Sudah menjadi rahasia umum bahwa seorang anak kecil usia balita memiliki memori otak yang masih sangat amat bagus. Otak anak balita merekam apapun yang ia lihat, ia dengar, ia rasakan melalui sentuhan maupun penciuman. Semua indera yang dimiliki anak balita bekerja mengikuti alur yang ada disekelilingnya. Saya mencoba mengkritik kebiasan anak menonton televisi, film dan sebaginya yang berkaitan dengan indera penglihatan anak. Dan saya menulis dari susut pandang dari apa yang saya lihat dan saya alami baik di lingkungan saya tinggal maupun media sosial.

Sangat disayangkan, anak balita (saya mendefinisakan anak balita usia 2-12 tahun/kelas 6 SD) jaman sekarang dibiarkan begitu saja menyaksikan tayangan sinetron atau film yang menurut saya tidak mendidik anak untuk menjadi pribadi yang baik kedepannya. Bahkan orang tuanya ikut menyaksikan tayangan sinetron atau film disisi anaknya, seakan tayangan sinetron atau film tersebut boleh di konsumsi oleh anak tersebut,tanpa ada upaya untuk mencegahnya. Mungkin ada usaha mencegah tapi ya anaknya nonton lagi dibiarin lagi aja.

Apa yang anak lihat itu yang akan ia tiru. Jika anak melihat tayangan sinetron atau film yang sudah berbau cinta-cintaan atau pacaran dari ia kecil, maka apa yang ada di mindset anak kecil tersebut adalah bahwa nanti kalo sudah besar kita harus kaya gitu atau boleh kaya gitu (re: pacaran atau jatuh cinta).
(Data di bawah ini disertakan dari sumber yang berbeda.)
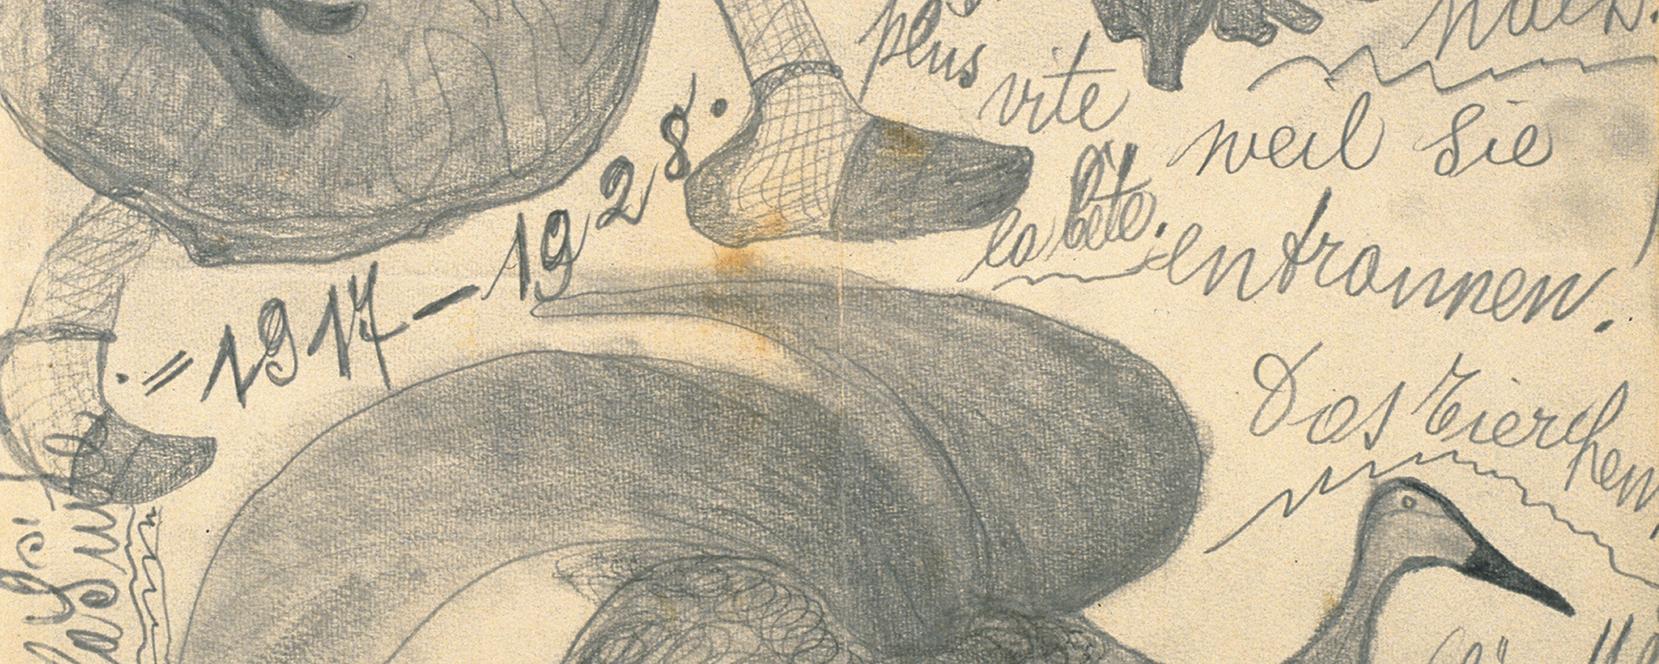 Karl M. (1886–1942), Reisender, Wirt/traveling salesman/innkeeper: «Die Frau springt der Gans nach», Bleistift auf Papier / (The Woman Jumps after the Goose), pencil on paper, 19,6 x 26,5 cm, 1917, Sammlung Königsfelden, Inv. Nr. 201, PDAG, Windisch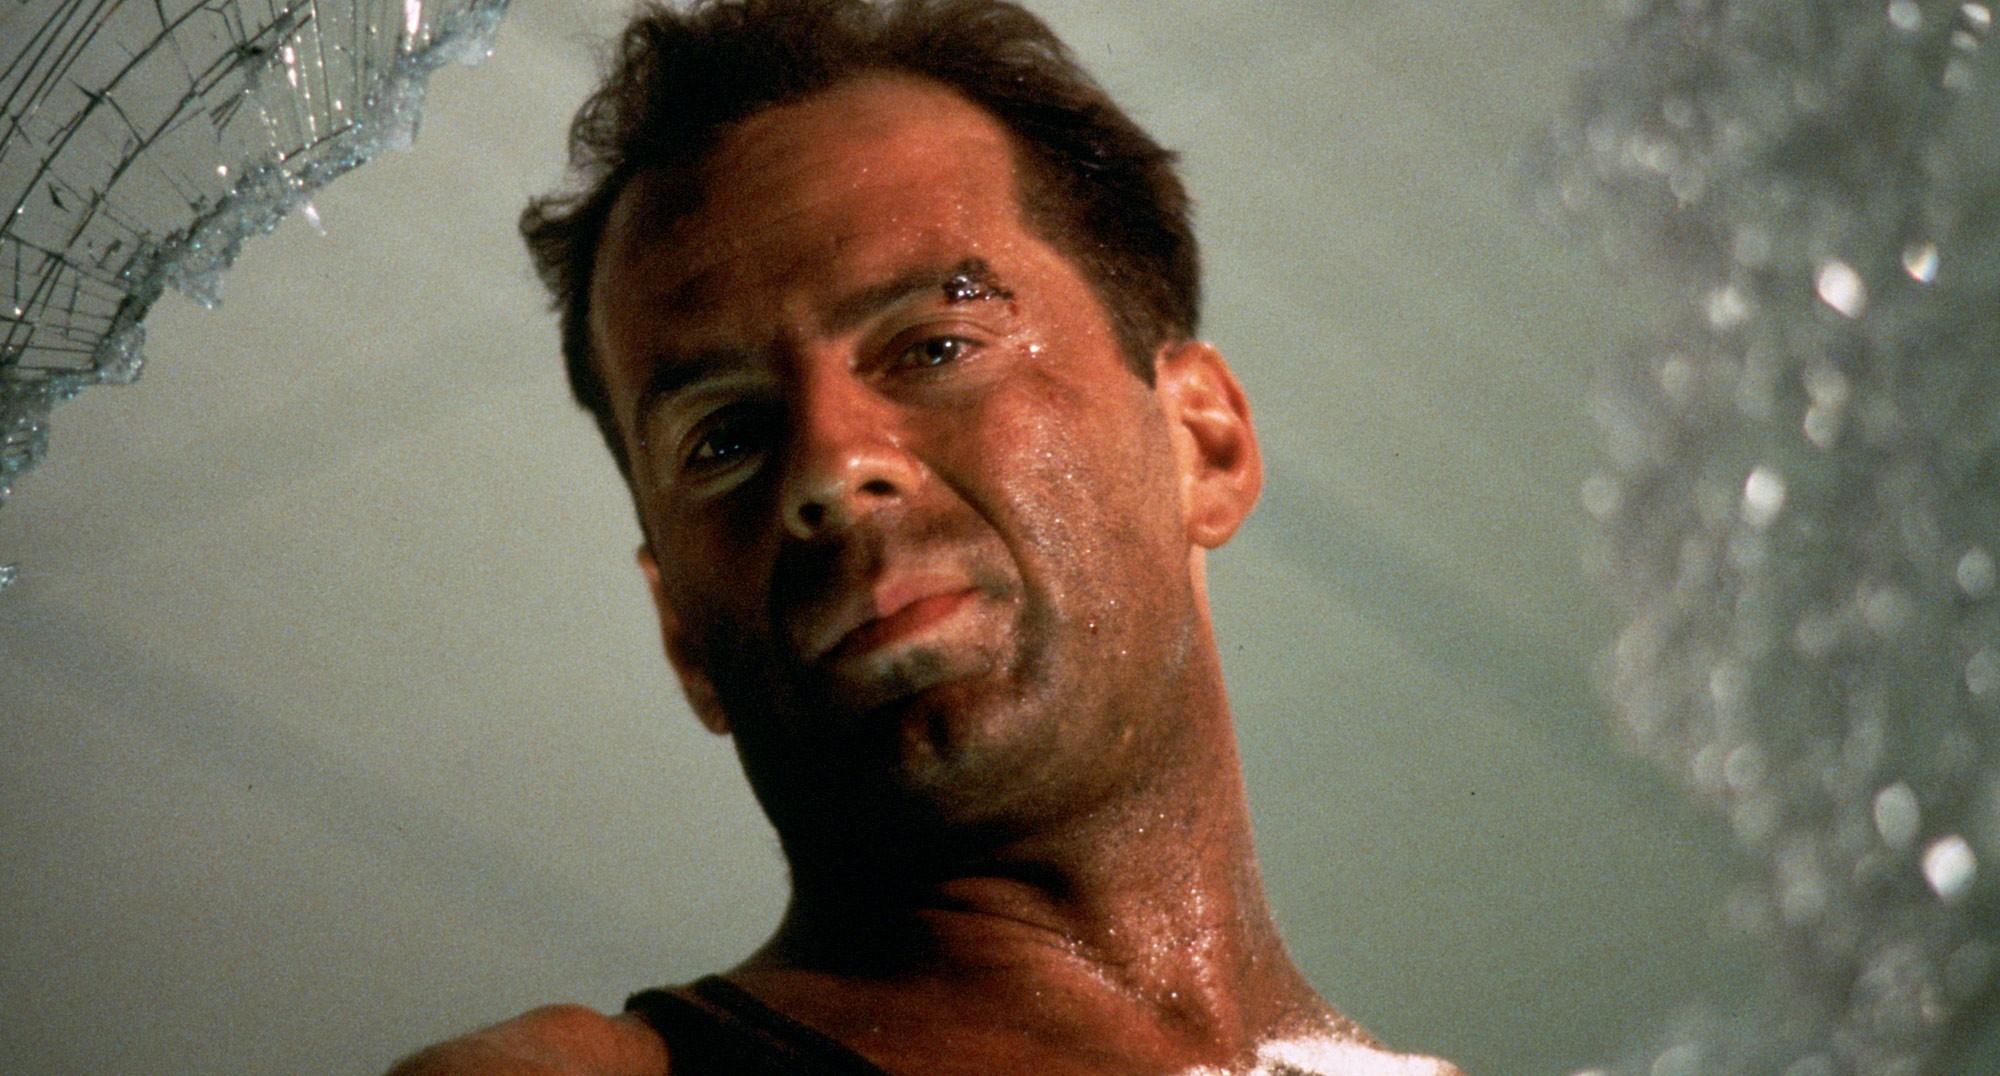 10 лучших ролей Брюса Уиллиса 1988 Крепкий орешек (Die Hard)

Dan ‘besar’ disini bukan lagi pada usia ketika sesorang beranjak dewasa, 22 tahun keatas. Tapi ‘besar’ yang disiarkan oleh sinetron dan film yang disaksikan adalah ‘besar’ usia sekolah menengah pertama, bahkan pada saat sekolah dasar. Jika ada orang yang berpikiran ini adalah masalah sepele, hanya untuk hiburan anak, atau hiburan anak biar ia tenang, gak rewel, itu saya rasa salah besar. Cara yang dianggap tepat agar anak tenang dan gak rewel dengan memeberikan atau membiarkan anak melihat tayangan sinetron atau film dengan bumbu percintaan malah akan menjerumuskan anak itu sendiri. Walau sinetron atau film kartun/anime sekalipun.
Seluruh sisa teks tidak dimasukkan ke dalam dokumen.